A woman takes a picture of the memorial outside the former Kamloops Indian Residential School June 6, 2021. CNS photo/Jennifer Gauthier, Reuters

Oblates to open more residential school records

  • March 22, 2022

As three separate Indigenous delegations head to Rome for meetings with Pope Francis on March 28, March 31 and April 1, Canada’s Oblate Fathers have announced a deal with the National Centre for Truth and Reconciliation to make more residential school records available, including material that may be archived in Rome and Paris.
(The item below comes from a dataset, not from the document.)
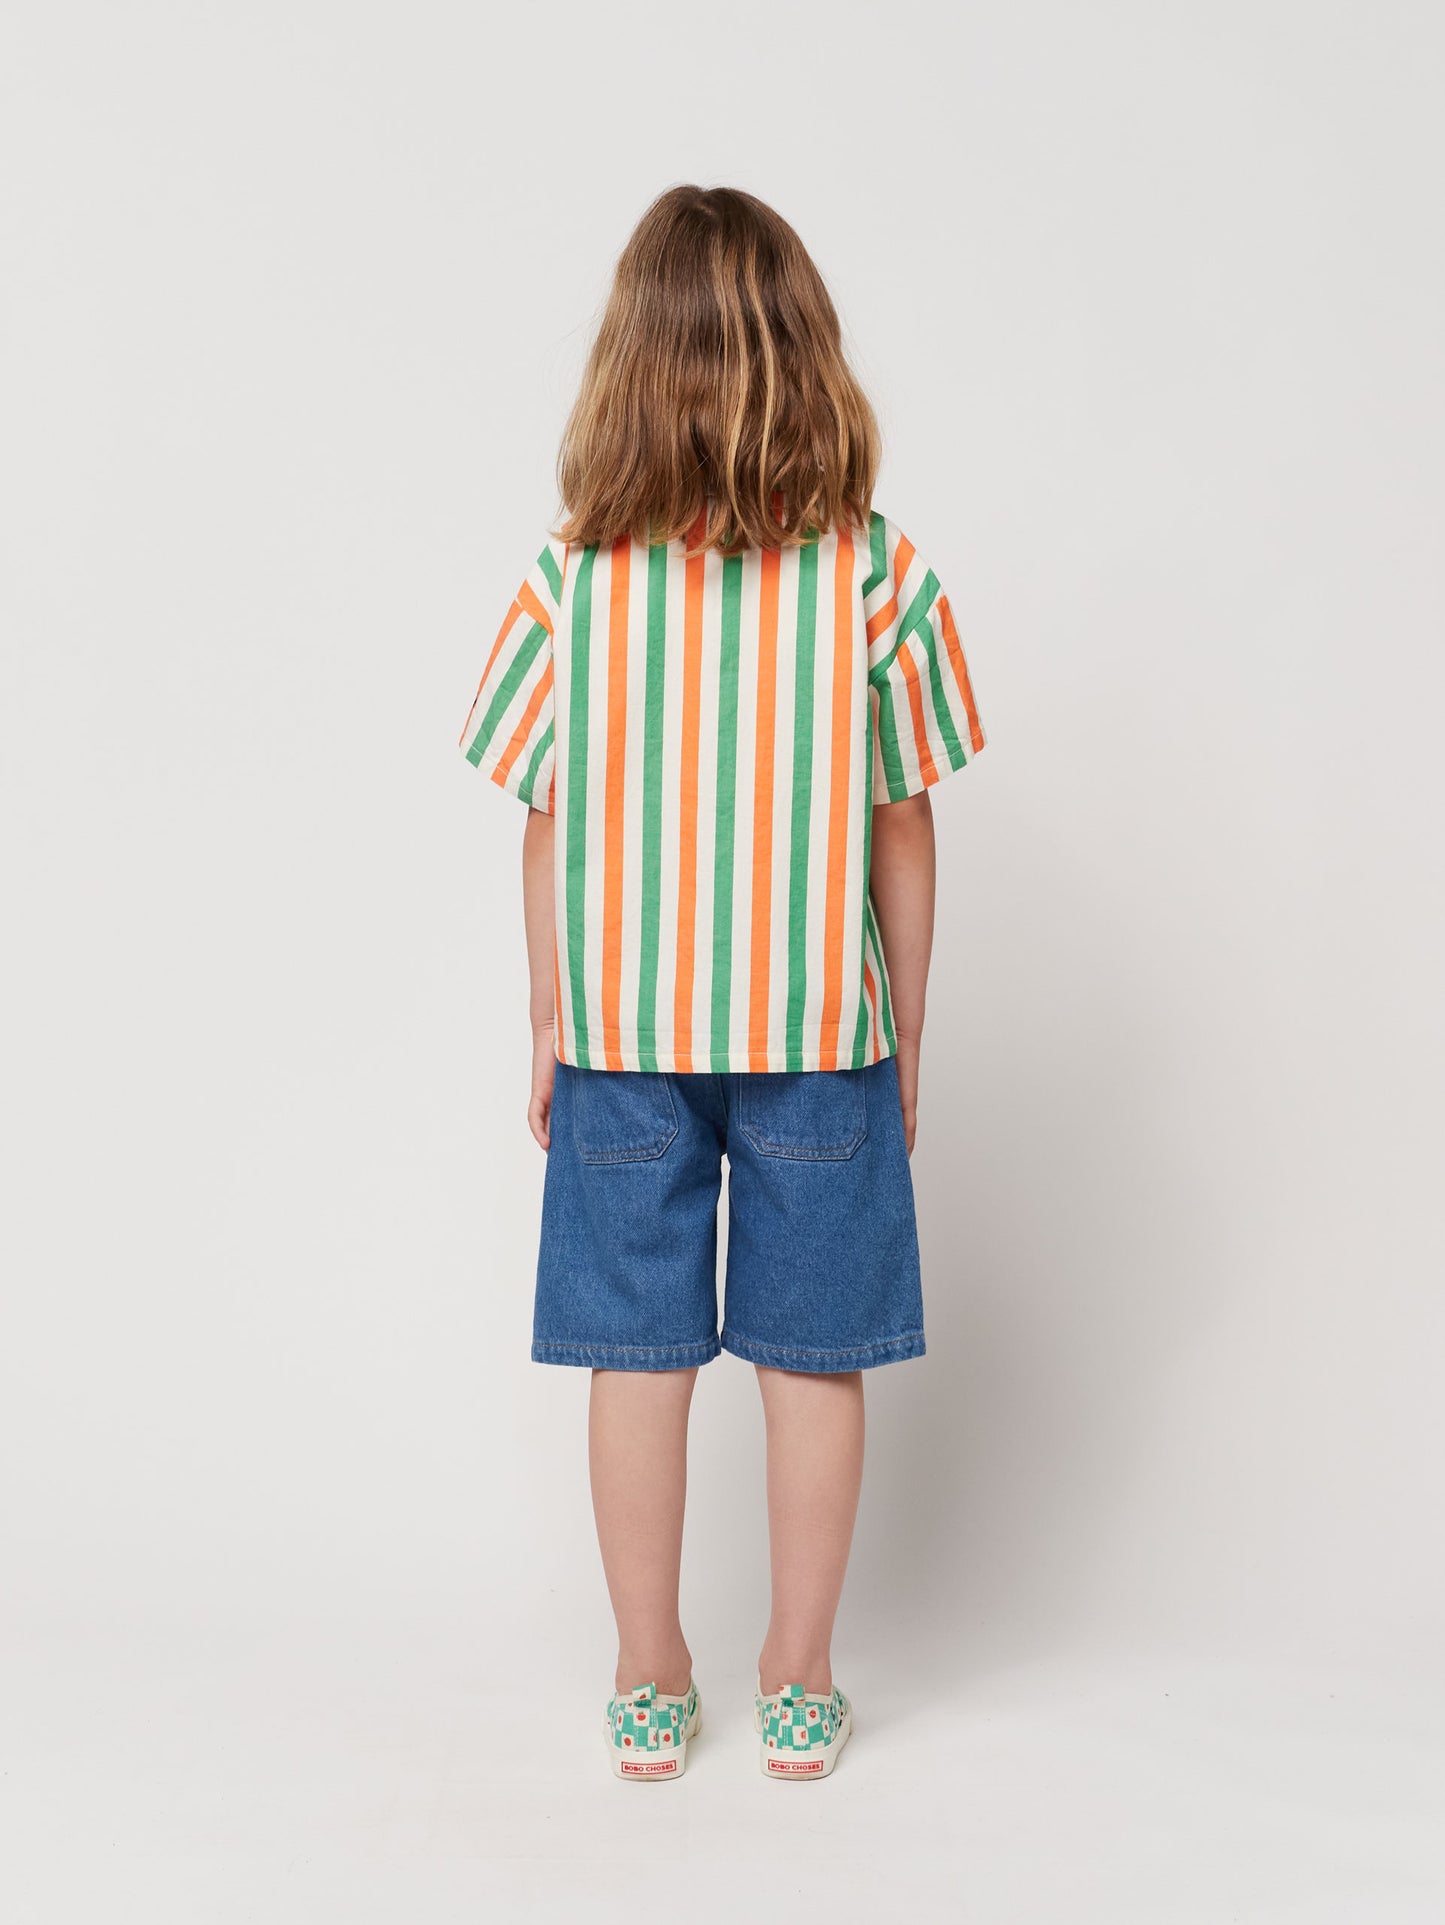 Vertical Stripes woven shirt
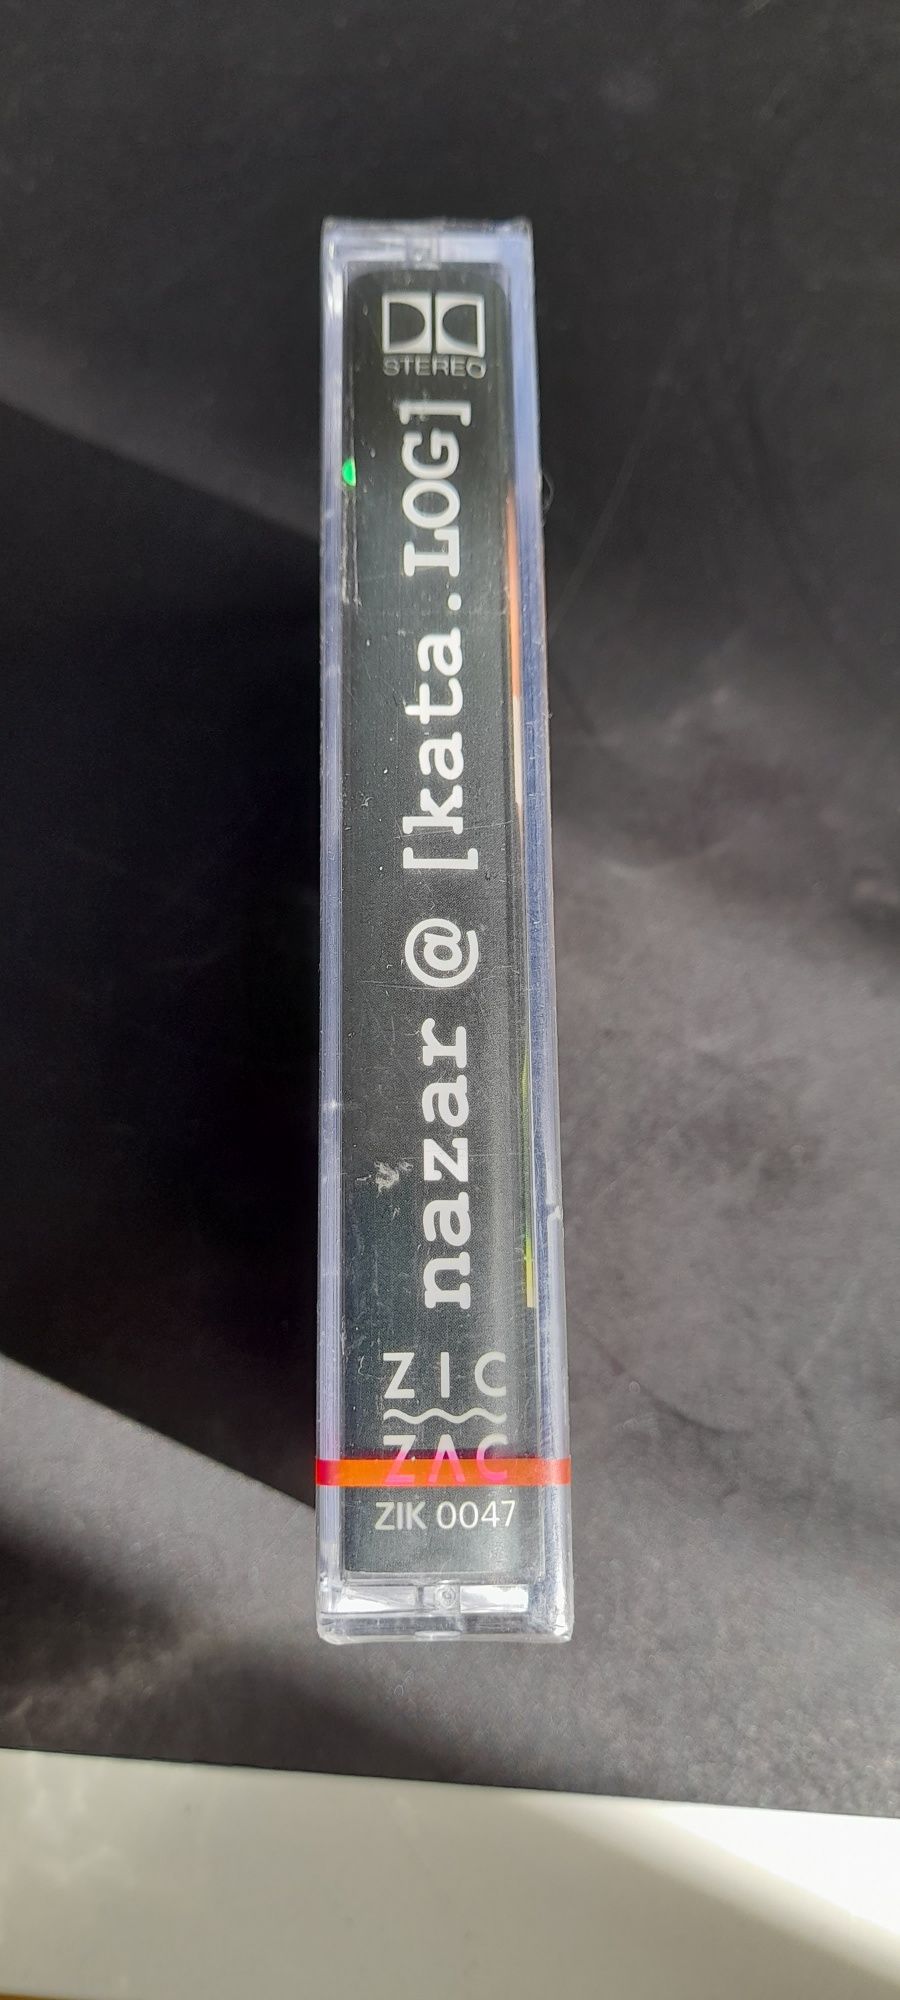 Nazar " [kata.LOG]" - kaseta 1996

“These types of records are a critical component of the process that communities are currently undertaking to search former residential school sites, and may help to better understand the historical context of unmarked graves,” the Missionary Oblates of Mary Immaculate said in a March 22 release.

The Oblates have already provided more than 40,000 records to the NCTR, a national repository for primary source material and historical research into the residential schools set up in the wake of the work of the Truth and Reconciliation Commission.

The issue of access to records has haunted reconciliation work for years. Many of the delegates who will be in Rome have vowed to bring up the issue with Pope Francis.

“We've got to go back to the source of how we've been treated in Canada by all the institutions,” Dene Chief Norman Yakeleya told reporters in an online press conference Nov. 25. Yakeleya will lead the Assembly of First Nations delegation in Rome.

The Oblates have hired additional archivists to speed up the process of digitizing hand written records in French, Latin and English known as the Codex Historicus. The religious order is also arranging an initial visit to the Oblates’ Rome archives by NCTR head archivist Raymond Frogner this spring.

The Oblates ran 48 different residential schools, the majority of the 60 to 70 per cent of residential schools that were under Catholic control. The Oblate schools included the Marieval Indian Residential School in Cowessess First Nation and the Kamloops Indian Residential School in the Tk’emlúps te Secwépemc First Nation, among others where unmarked graves have been identified by ground-penetrating radar.